140 year of Shriners

140 year of Shriners

Monday, July 6, 2009

Shriners delegates vote to reopen Galveston burn hospital

Vote on children's facility comes at national convention in San Antonio
By HARVEY RICE
for complete article see the 2009 Houston Chronicle July 6, 2009, 8:45PM

GALVESTON — Delegates at the national Shriners convention meeting in San Antonio voted Monday to reopen a world-renowned burn hospital for children in Galveston, closed since it was damaged by Hurricane Ike in September.

Convention delegates voted to keep open all of the 22 hospitals nationwide in the Shriners system and, in a separate decision, voted 756 to 482 to reopen the Shriners Hospital for Children-Galveston.

The leadership failed to convince delegates to close hospitals in Shreveport, La.; Spokane, Wash.; Greenville, S.C.; Erie, Pa.; and Springfield, Mass. Delegates will vote over the next two days on proposals to save the money-starved system without closing hospitals.

The vote followed months of lobbying by the 1,000-member El Mina Shrine, based in Galveston. Tommy Lambright, the Shriners Hospital for Children Galveston board member who led the lobbying effort, said every one of the 1,500 delegates to the convention was contacted by phone.

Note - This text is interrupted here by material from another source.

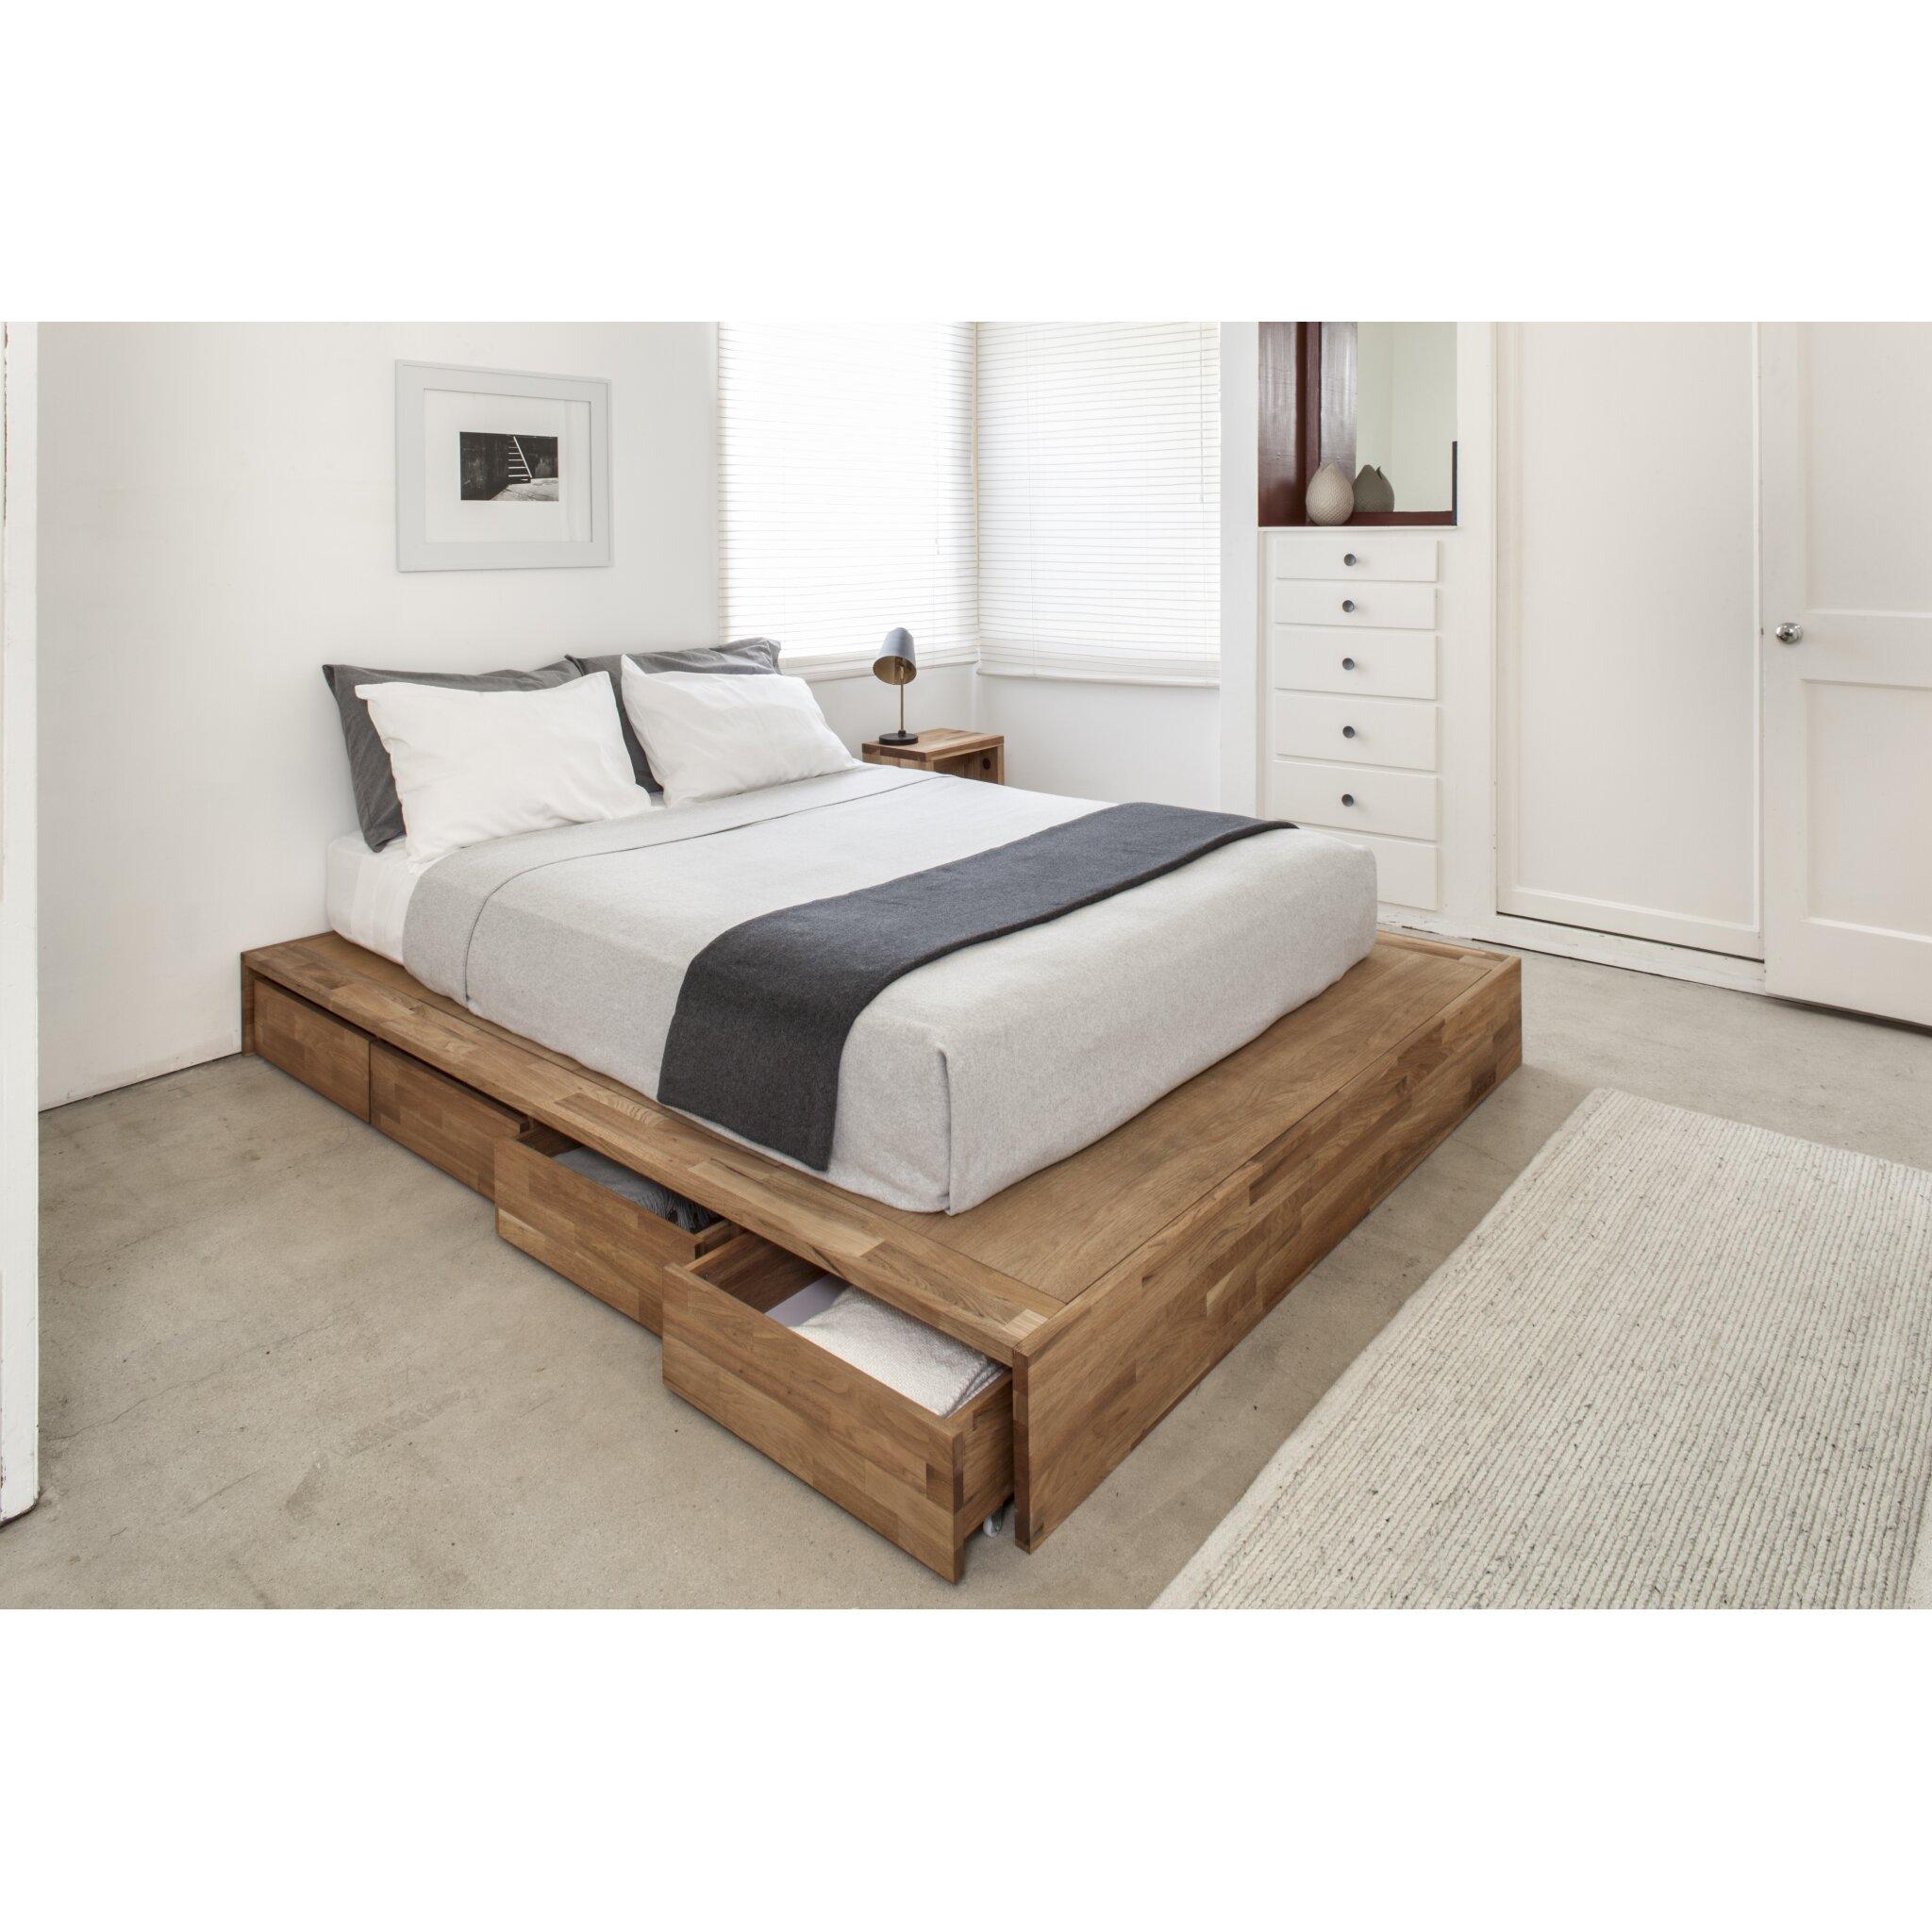 Lax Series Storage Platform Bed By Mash Studios

The Galveston hospital, known for its advances in burn treatment, was kept closed after the storm by the combined boards of the International Shriners and Shriners Hospitals for Children after the endowment for the hospital system shrank from $8 billion to $5 billion because of the economic downturn.

Repeated attempts for comment from the governing boards were unsuccessful. A spokeswoman for the 135th Imperial Council Session responded to an e-mail requesting comment by saying that a news conference was scheduled for Thursday.

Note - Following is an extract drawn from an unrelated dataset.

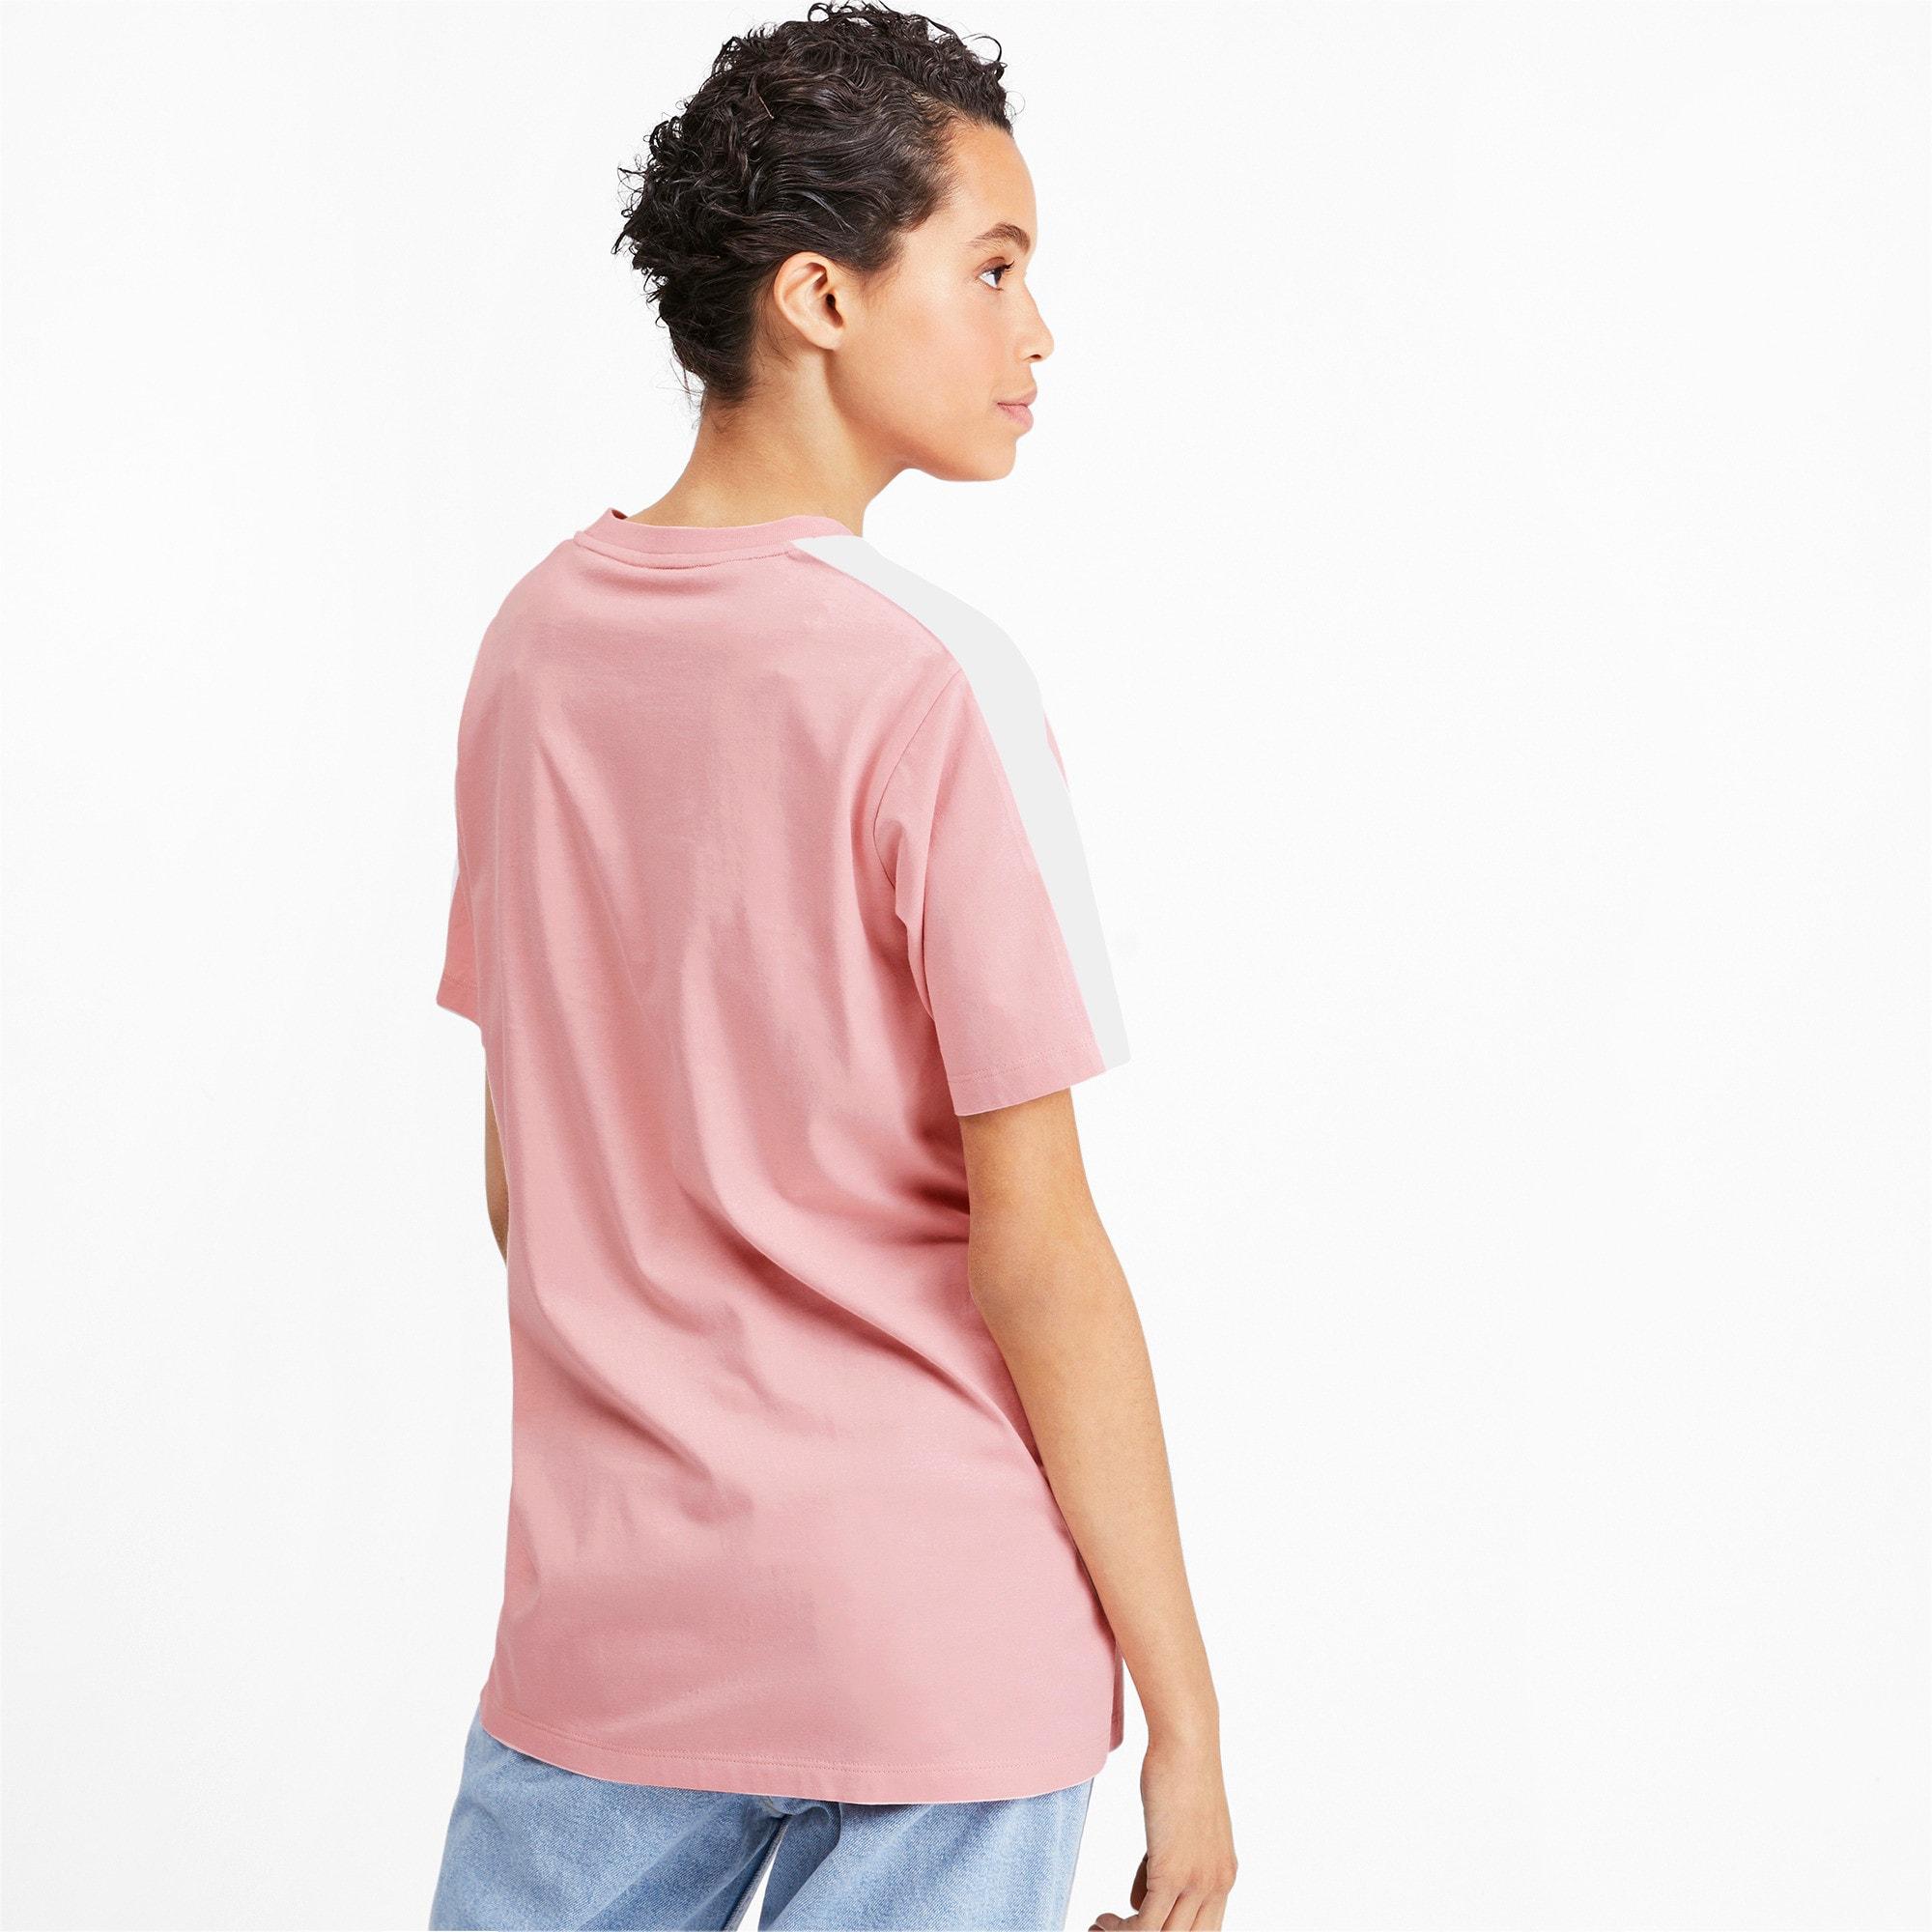 Miniatura 2 de Camiseta Classics T7 para mujer, Bridal Rose, mediano

The vote was welcomed by the hospital’s chief of staff, Dr. David Herndon, a celebrated burn surgeon.

“I’m immensely gratified,” said Herndon, who also is head of the University of Texas Medical Branch’s Blocker Burn unit, in a telephone interview from San Antonio.

“Very few hospitals can take care of the massive burns we can anywhere in the world,” Herndon said. “This is vitally important to our area.”

Herndon said the burn center is the only one in the Houston region and that the immediate care given burn victims has suffered without it, including the death of a burn victim from Mexico who had burns over 40 percent of his body.

The hospital offers free care to burn victims from Mexico, Texas, Oklahoma, Louisiana and some parts of Colorado.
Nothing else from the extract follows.